On 12/14/15, 9:01 AM, "Marcus Fritze" <marcus.fri...@googlemail.com> wrote:

>Yes, this works. Currently, it’s a little bit confusing for me to code in
>flexJS.
>Coding flexJS feels actually a little bit like HTML try and error.
>
>Maybe, I am using FlexSDK too long, but I don’t know exactly what
>height=„100%“ in flexJS means.
>
>Correct me if I am wrong, but in FlexSDK / Flash it means the component
>which has the
>height=„100%“ property, takes the full height which is available in the
>parent.
>
>
>Why doesn’t work this in flexJS? Here I have to set the top / bottom /
>margin and so on?
>In my personal opinion this is a little step backwards in terms of „easy
>coding“.
>
>Is it planned to fix this some day, or is this one of the disadvantages
>we have to live with?

A goal of FlexJS is to allow developers a choice of component sets.  The
most complete component set right now is the Basic component set.  I chose
to focus on that first because I wanted to create a component set that
will be the smallest and fastest.  So, it tries to do simple
encapsulations of browser behavior.  And thus in the Basic set, 100% width
does what it would do in the browser which is different than what it does
in the regular Flex SDK.

Another reason I focused on this kind of component set was because some
folks had said that the main value of their code base was in the
ActionScript business logic and their Flex UIs were several years old and
it might be time to upgrade the UI anyway.
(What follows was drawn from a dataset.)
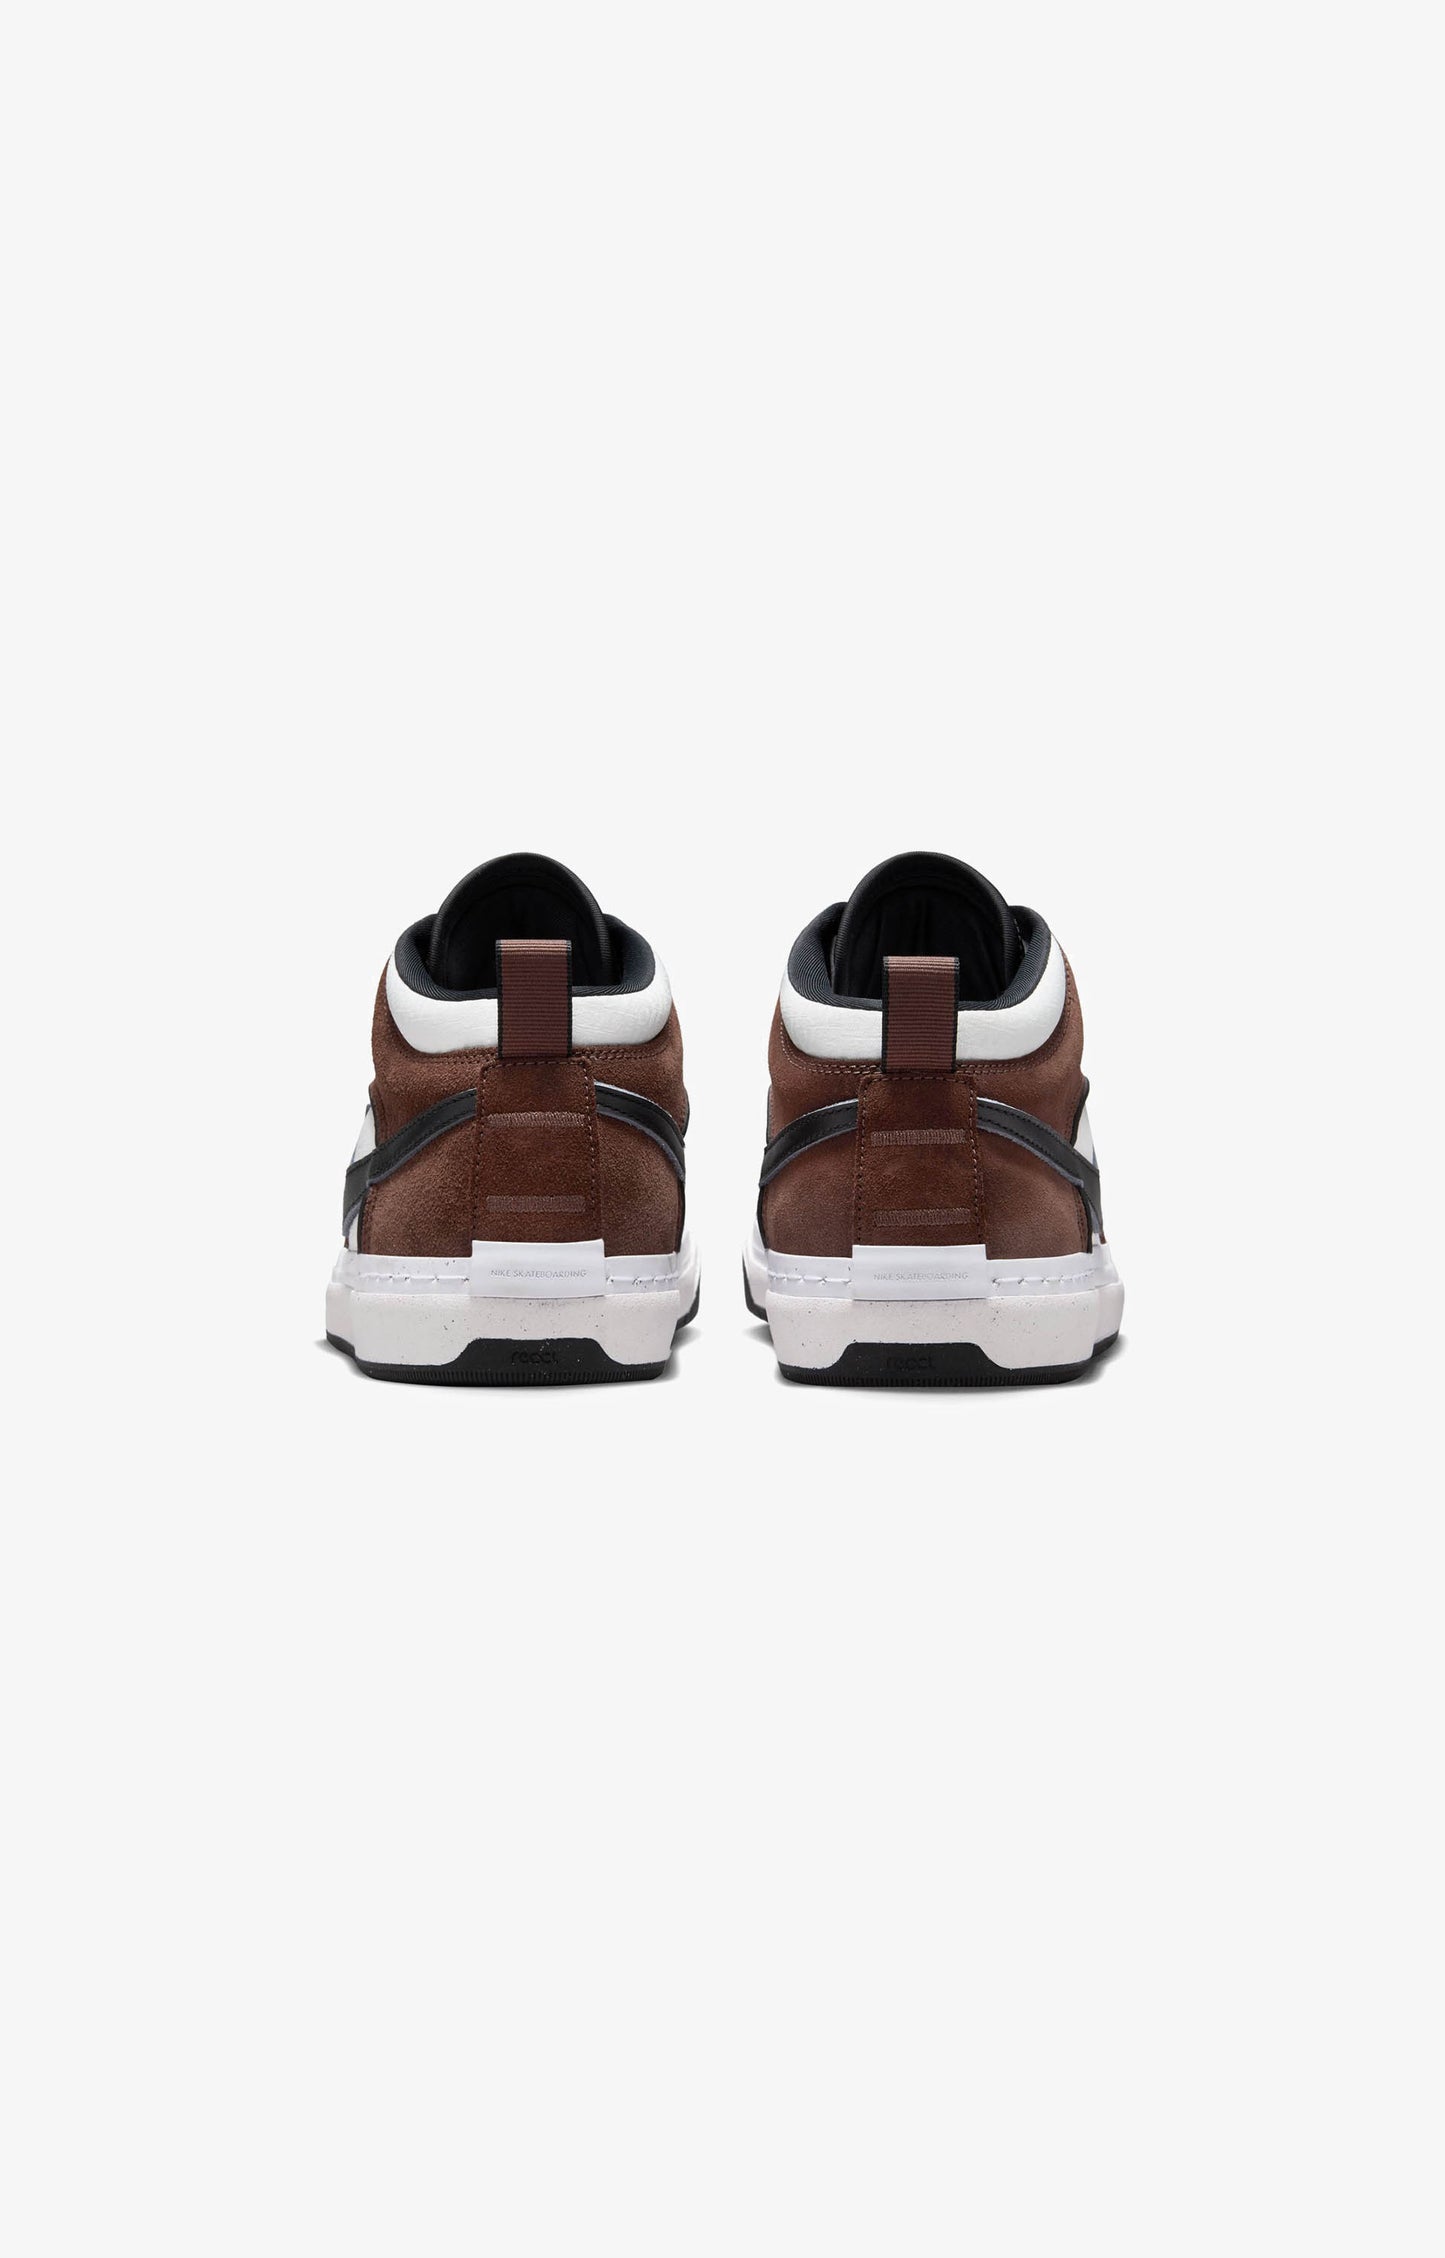 Nike SB React Leo Shoe, Chocolate/Black

More recent feedback has led me to want to try to build out a more
Spark-like component set, so folks don't have to spend as much time
porting the UI and so that there are fewer behavior differences from the
Flex SDK.  So I will probably start on that in a week or two and
volunteers are welcome to help.  I predict that this component set will be
bigger and slower.  It almost has to be, because instead of just telling
the browser to add a div with 100%, we'll have to write code to override
browser behavior and loop through all the children twice, once to measure
to see how much room is left over, and another to layout at final sizes.
And then you'll be able to choose between doing more porting work to get a
smaller faster app, or doing less and paying the price.

Anyway, thanks for continuing to try out FlexJS.  We appreciate the
feedback, and if you can help by contributing patches that's even better.